4.    Kabullenmek: Bazen kabullenmek savaşmak için insana bir dinamizm katar, bir şeyin başka türlü olmayacağını ve mutlaka olacağını düşündüğümüz zaman savunma sistemlerimizi harekete geçirip vücudumuzu korumaya alırız. O yüzden kesin olacak şeyleri kesin bir şekilde kabullenip savunma sistemini harekete geçirmeliyiz ki, üzüntü bizi yenmeden biz onu yenelim.
Hadid Suresi, 22-23. Ayetler:
"Yeryüzünde ve kendi nefislerinizde meydana gelen herhangi bir musibet yoktur ki, biz onu yaratmadan önce bir kitapta yazılmış olmasın. Şüphesiz bu, Allah’a göre kolaydır. Elinizden çıkana üzülmeyesiniz ve Allah’ın size verdiğiyle şımarmayasınız diye. Allah, böbürlenen ve övünen hiç kimseyi sevmez."
yine Tevbe Suresi, 51. Ayet:
"De ki: 'Allah’ın bizim için yazdığından başkası bize isabet etmez. O, bizim Mevlamızdır. Müminler yalnızca Allah’a tevekkül etsinler.'"
,Bu ayetler, kabullenmenin ve Allah’a tevekkül etmenin, insanı üzüntüden koruyan ve güçlendiren bir yol olduğunu öğretir. Kabullenmek, aynı zamanda zorluklarla daha iyi başa çıkabilmek için gerekli olan içsel gücü ve  ruhsal dayanıklılığı artırır. Huzuru sağlar.

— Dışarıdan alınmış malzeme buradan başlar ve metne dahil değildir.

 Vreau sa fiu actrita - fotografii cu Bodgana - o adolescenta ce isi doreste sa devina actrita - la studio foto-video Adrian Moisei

5.    Değer Vermemek: İnsanoğlu, fazla değer verdiği zaman fazla etkilenir. Bir şey ne kadar önem vermeye değiyorsa, o kadar önem vermek gerekir. Fazla önem verdiğiniz dünya işleri sizi üzüntüye sevk edebilir; o yüzden gerektiği kadar değer vermek, yanlış üzüntülere kapılmayı engeller ve bizi rahatlatır.
Hadid Suresi, 20. Ayet:
"Biliniz ki, dünya hayatı ancak bir oyun, eğlence, süs, aranızda övünme ve mal ve evlat çoğaltma yarışından ibarettir. Bu, bir yağmurun durumu gibidir: Bitirdiği bitki ekicilerin hoşuna gider; sonra kurur, bir de bakarsın sapsarı kesilmiş, sonra da çer çöp olmuştur. Ahirette ise çetin bir azap, Allah’ın mağfireti ve rızası vardır. Dünya hayatı, aldatıcı bir metadan başka bir şey değildir."
Bu ayet, insanlara dünya işlerine gereğinden fazla değer vermemeyi ve bu şekilde üzüntü ve sıkıntılardan kaçınmayı öğütler. Dünyanın geçici olduğunu bilmek, insanı daha dengeli bir yaşam sürmeye ve ruhsal huzura kavuşmaya yönlendirebilir.